_Data_.
##########

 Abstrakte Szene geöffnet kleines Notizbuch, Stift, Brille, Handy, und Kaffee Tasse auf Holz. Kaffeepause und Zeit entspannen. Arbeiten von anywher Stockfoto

##########

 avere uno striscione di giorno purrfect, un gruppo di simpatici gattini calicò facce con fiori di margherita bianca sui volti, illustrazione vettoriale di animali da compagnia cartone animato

##########

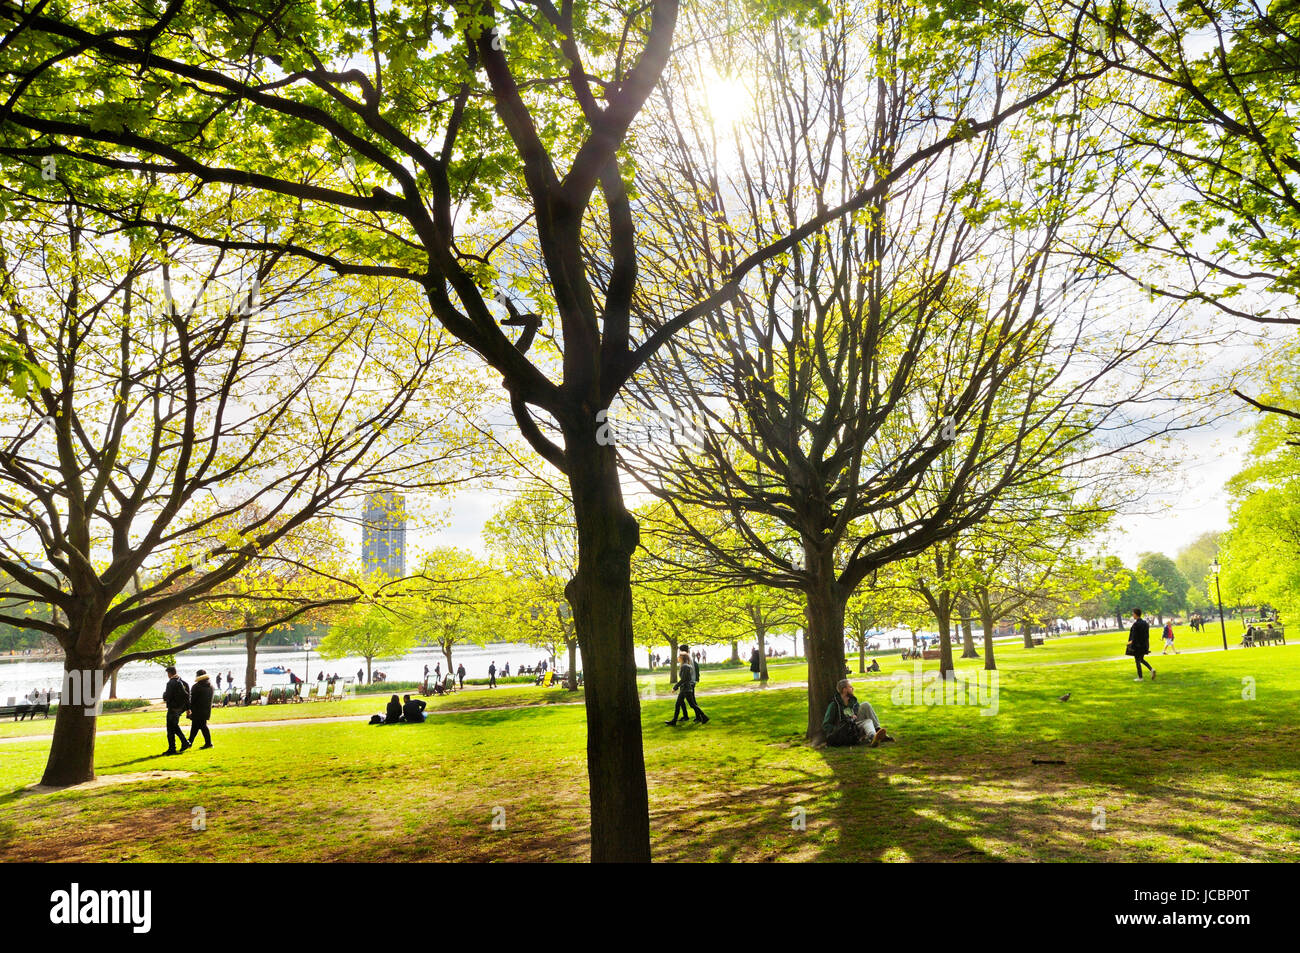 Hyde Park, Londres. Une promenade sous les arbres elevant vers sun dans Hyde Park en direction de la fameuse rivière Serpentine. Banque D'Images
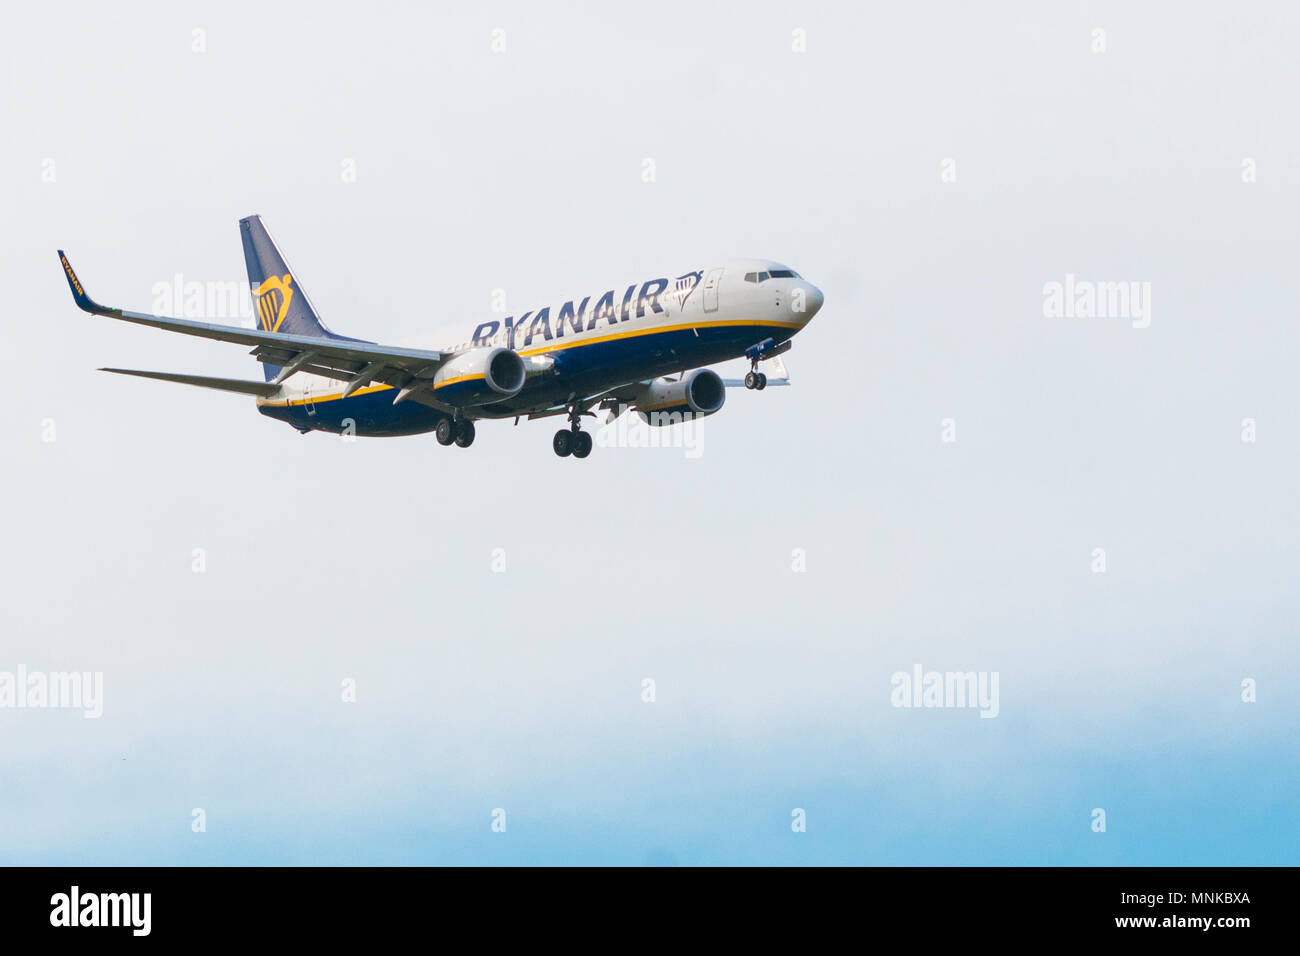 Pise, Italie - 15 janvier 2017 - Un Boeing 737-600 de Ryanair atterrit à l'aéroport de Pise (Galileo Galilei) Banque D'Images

##########

_Task description_.
With the pictures omitted, print the lines above exactly, beginning at the line with "Hyde Park, Londres." and going on through the line with "Pise, Italie - 15".

_Answer for this exercise_.
 Hyde Park, Londres. Une promenade sous les arbres elevant vers sun dans Hyde Park en direction de la fameuse rivière Serpentine. Banque D'Images
 Pise, Italie - 15 janvier 2017 - Un Boeing 737-600 de Ryanair atterrit à l'aéroport de Pise (Galileo Galilei) Banque D'Images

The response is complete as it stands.